Break out of the green-beans-as-default-side-dish rut with quickly prepared Leeks with Lemon Dijon Vinaigrette. Recipe below.
Apparently, it’s week two of the tour de France here at Blue Kitchen. Last week was a very creamy, very French carrot soup. This week, it’s a French side dish whose impressive looks belie its ease of preparation. The unlikely star? Leeks. Ubiquitous in French cuisine, these mild onions usually play a bit part, often ending up puréed beyond recognition. Here, they’re cooked and served practically whole, giving you a sense that you’re eating something only very recently brought from the farm.

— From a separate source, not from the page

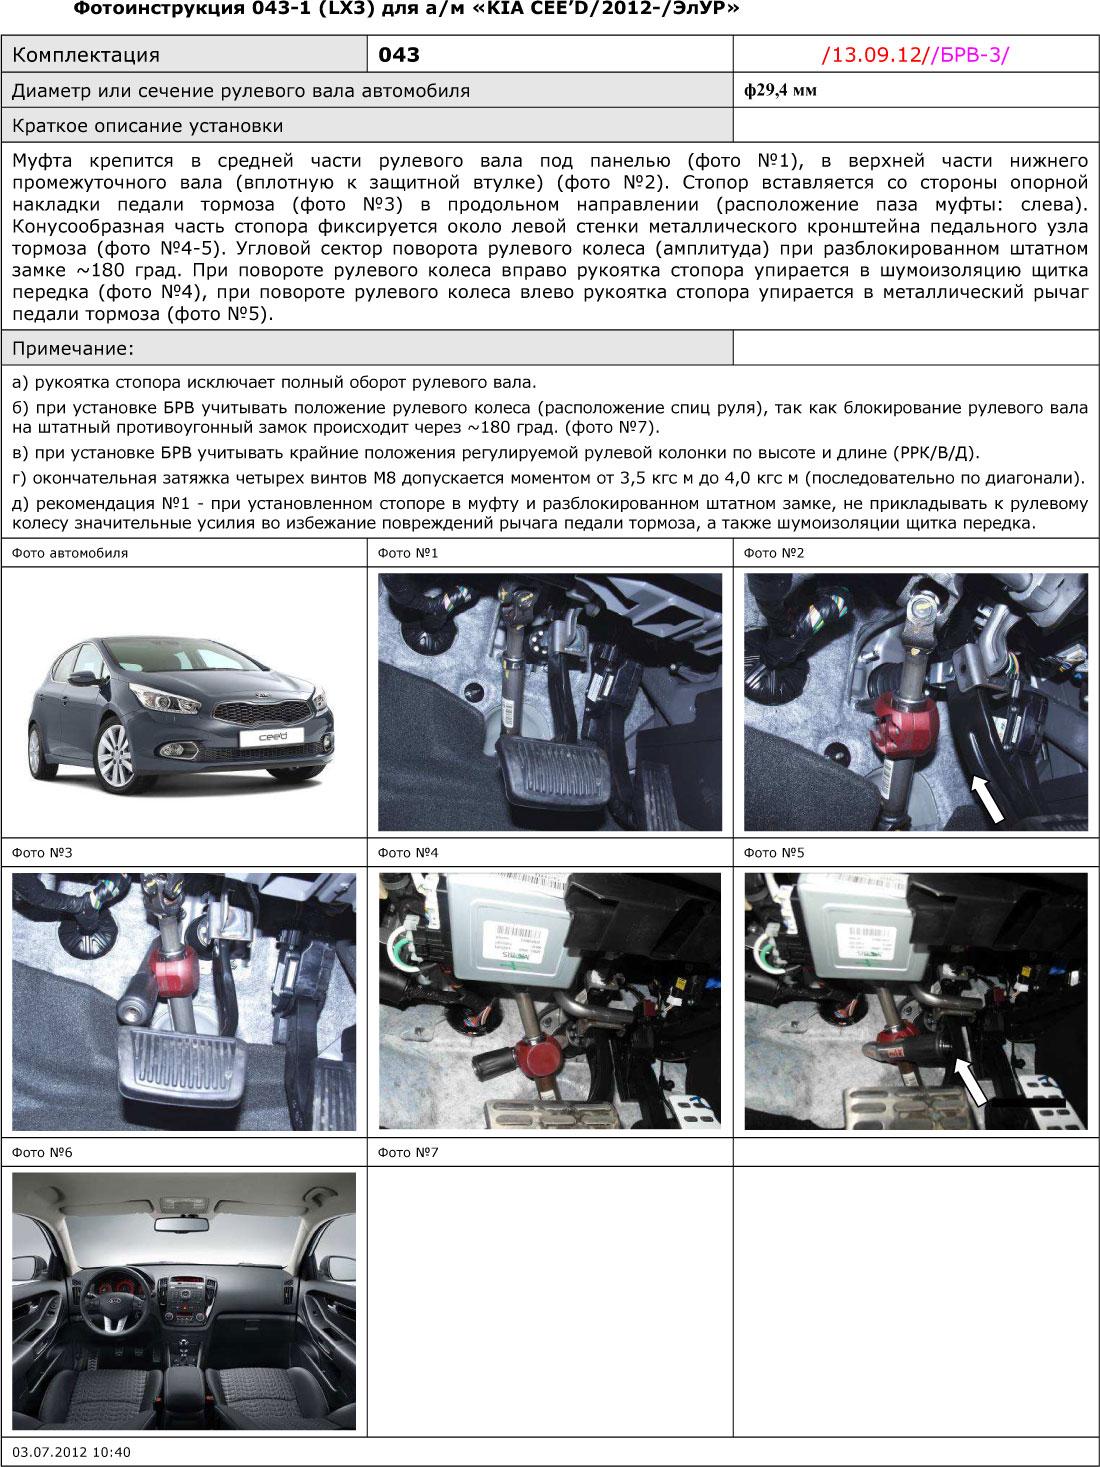 Блокиратор рулевого вала для KIA CEE'D /2012-/ ЭлУР - Гарант Блок Люкс 043.E/k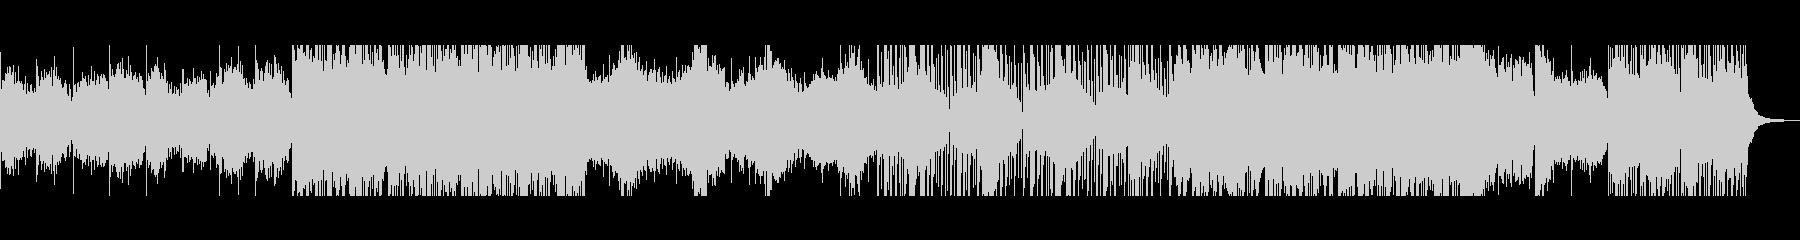 フルートによるノスタルジックなメロディの未再生の波形

You can blame my lingering in France on Williams-Sonoma Collection: French. I’m very visual, especially when it comes to cooking, and this book is filled with gorgeous color photographs. For me, images of finished dishes not only help me understand how to prepare them—they give me some idea of how dishes will taste. Last week’s carrot soup was adapted from this cookbook, as is this dish.
Ironically, I was looking for a green bean recipe I’d seen—slender French haricots verts with shallots and lemon—when I came across the leeks. Hey, we’re big fans of green beans. They’re easy to make, versatile… and part of their name is green, so they must be healthy, right? But because of all these reasons to rely on green beans as a side, we can also get really, really tired of them. So when I saw the leeks, I knew I had to try them.
Long appreciated in the Mediterranean and Europe—drawings of leeks and actual dried specimens have been found at ancient Egyptian archeological sites—leeks have only recently gained popularity in the United States. It’s the most refined member of the onion family, with a mild flavor that develops a distinctly sweet note when cooked, especially when sautéed.
Part of the Allium family, like onions and garlic, leeks offer some serious health benefits, from lowering bad cholesterol and raising good to helping prevent ovarian, colon and prostate cancers, to stabilizing blood sugar levels.
In this recipe, their delicate sweetness balances nicely with a buttery sauce brightened with lemon juice and Dijon mustard.
Leeks with Lemon Dijon Vinaigrette
Serves 2 to 3 as a side [can be expanded—see Kitchen Notes]
1 tablespoon olive oil
1 tablespoon unsalted butter
1/2 cup chicken stock [or vegetable stock—see Kitchen Notes]
1/2 cup water
1-1/2 tablespoons chopped flat-leaf Italian parsley
2 teaspoons fresh lemon juice
1 teaspoon Dijon mustard
salt and freshly ground black pepper, to taste
Prepare leeks. Trim roots if overly long, but leave enough to keep bases intact. Slice off most of the green tops. Slice leeks in half lengthwise. Rinse under running water, gently fanning layers to wash out any trapped grit. Leeks like to grow in sandy soil, so you need to clean them carefully.
Heat a sauté or frying pan large enough to hold leeks in a single layer over a medium flame. Add oil and butter and swirl together. Arrange leeks in pan, cut side down, and sauté, turning occasionally with tongs and spatula, until lightly browned, about 5 minutes. Handle leeks gently when turning to keep as intact as possible.
Add stock, water and 1 tablespoon parsley to pan. Bring to a simmer, reduce heat and cover pan, cooking leeks until tender, about 10 minutes. Arrange leeks on a serving platter, cut side up. Add lemon juice and mustard to pan, whisking to combine. Season vinaigrette with salt and pepper [use a light hand with the salt and taste before seasoning—your stock will provide some salt]. Pour vinaigrette over leeks and sprinkle with remaining parsley. Serve immediately.
Increasing servings. Two leek halves is a decent serving as a side. You can easily add a fourth leek to this recipe to serve four without upping the other ingredients, as long as they’ll all fit in one pan. If you get beyond the capacity of a single pan, you’ll obviously need to increase other ingredients accordingly.
Stock answers. First, the original recipe called for no water, just chicken stock. I feared it would taste like chicken leek soup, so I thinned the stock by mixing equal parts stock and water. If you want to make a vegetarian version of this, substitute a vegetable stock you’re happy with for the chicken stock.
And finally, this is a knife and fork dish. While delicate in flavor, leeks take more than the side of a fork to cut into bites and eat gracefully.